Since $|\mathbb{Z}_4 \times \mathbb{Z}_4 \times \mathbb{Z}_8| = 4\times 4 \times 8$ and $|<(1,2,4)>| = 4$ ,
$(\mathbb{Z}_4 \times \mathbb{Z}_4 \times \mathbb{Z}_8) / <(1,2,4)>$ is an abelian group of order 32.
All abelian groups of order $32$ are
$$\mathbb{Z}_2 \times \mathbb{Z}_2 \times \mathbb{Z}_2 \times \mathbb{Z}_2 \times \mathbb{Z}_2,$$ $$\mathbb{Z}_4 \times \mathbb{Z}_2 \times \mathbb{Z}_2 \times \mathbb{Z}_2,$$ $$\mathbb{Z}_4 \times \mathbb{Z}_4 \times \mathbb{Z}_2,$$ $$\mathbb{Z}_8 \times \mathbb{Z}_2 \times \mathbb{Z}_2,$$ $$\mathbb{Z}_{16} \times \mathbb{Z}_2,$$ $$\mathbb{Z}_{32}.$$
Let $H = <(1,2,4)>$. Then $H = \{(1,2,4),(2,0,0),(3,2,4),(0,0,0)\}$ and $$|(1,0,0)+H| = 2,$$ $$|(0,1,0)+H| = 4,$$ $$|(0,0,1)+H| = 8.$$
Since $\mathbb{Z}_4 \times \mathbb{Z}_4 \times \mathbb{Z}_8$ has no elements of order greater than $8$, and it should have elements of order $2,4,8$, possible abelian groups are $\mathbb{Z}_8 \times \mathbb{Z}_2 \times \mathbb{Z}_2$, $\mathbb{Z}_8 \times \mathbb{Z}_4$.

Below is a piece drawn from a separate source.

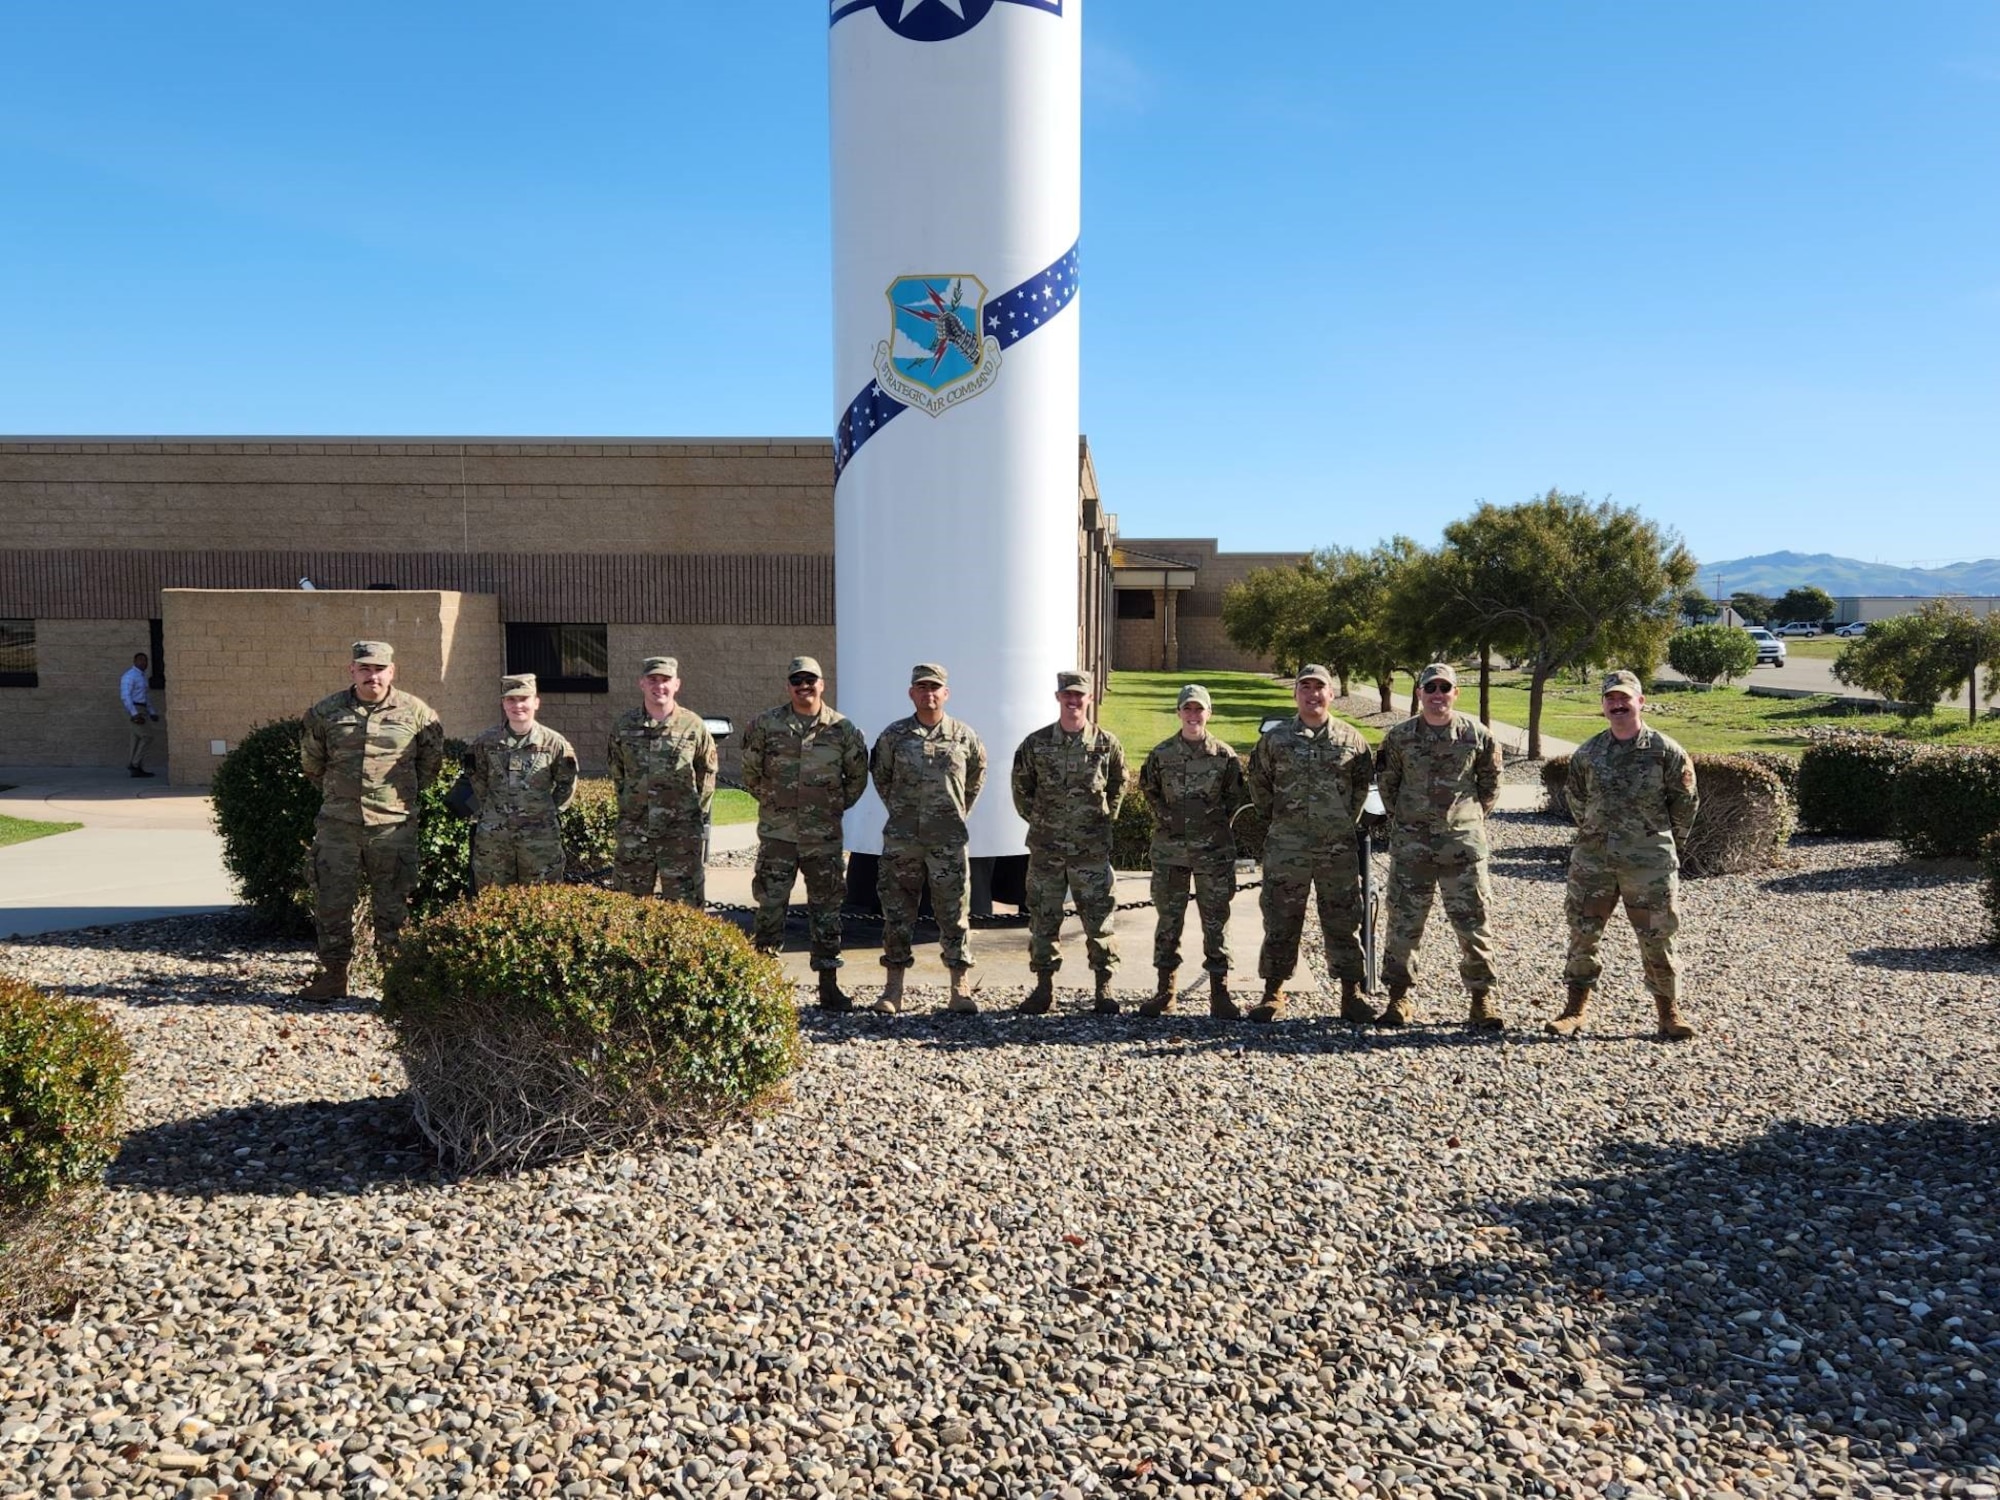 U.S. Airmen from the 791st Missile Maintenance Squadron (MMXS) pose for a photographer at Vandenberg Space Force Base, California. The 791st MMXS Airmen help ensure the Minute Man III meets operational standards. (Courtesy photo)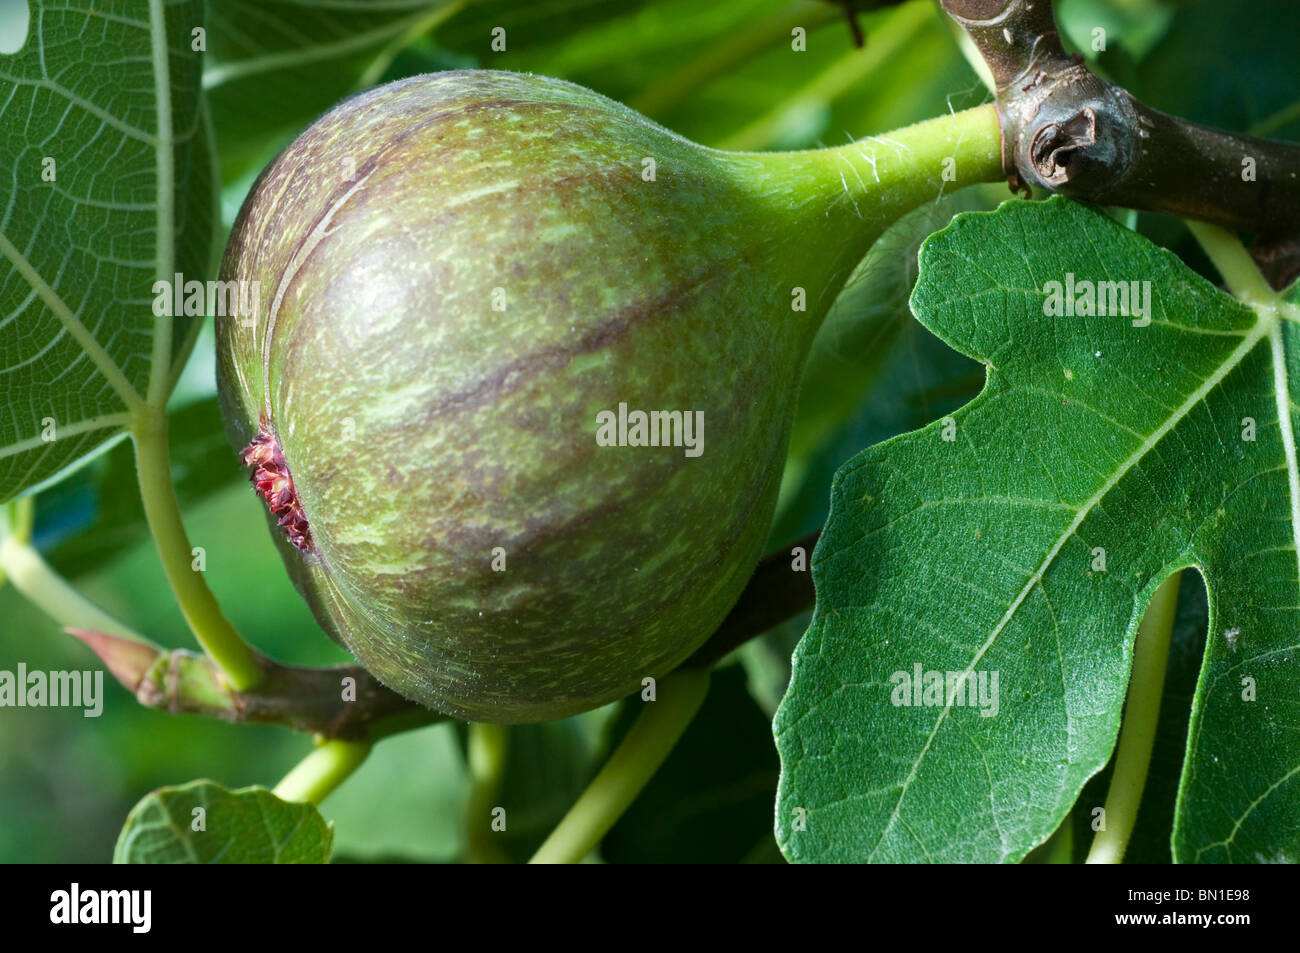 A ripening fig on tree Stock Photo

To classify, we have to find the number of elements of order $4$.
First, $\mathbb{Z}_2\times\mathbb{Z}_2\times\mathbb{Z}_8$ has $8$ elements of order $4$, and $\mathbb{Z}_8 \times \mathbb{Z}_4$ has $12$ elements of order $4$.
and $(\mathbb{Z}_4 \times \mathbb{Z}_4 \times \mathbb{Z}_8) / <(1,2,4)>$ has $12$ elements of order $4$.
Hence, $(\mathbb{Z}_4 \times \mathbb{Z}_4 \times \mathbb{Z}_8) / <(1,2,4)>$ is isomorphic to $\mathbb{Z}_4 \times \mathbb{Z}_8$.
For bold part, $(\mathbb{Z}_4 \times \mathbb{Z}_4 \times \mathbb{Z}_8) / <(1,2,4)>$ has $12$ elements of order $4$.
It is $12$ because $4$ times addition with elements of $\mathbb{Z}_4 \times \mathbb{Z}_4 \times \mathbb{Z}_8$ is smallest positive integers that makes the elements is contained in $H$.
Then in $\mathbb{Z}_4 \times \mathbb{Z}_4 \times \mathbb{Z}_8$, we cannot make $(1,2,4)$ $(3,2,4)$ because element in $\mathbb{Z}_4$ with $4$ addition makes it as identity element, $0$.
So it can only be $(0,0,0)$ so we should pick $0$ in $\mathbb{Z}_8$, so there are $16$ cases but we should exclude $(0,0,0)$, $(0,2,0)$, $(2,0,0)$ and $(2,2,0)$.
Hence there are $12$ elements of order $4$.
For this part, should I check that are there anything same in those coset?
I discuss this problem with my friends and he said we should check, but anyway my solution has answer.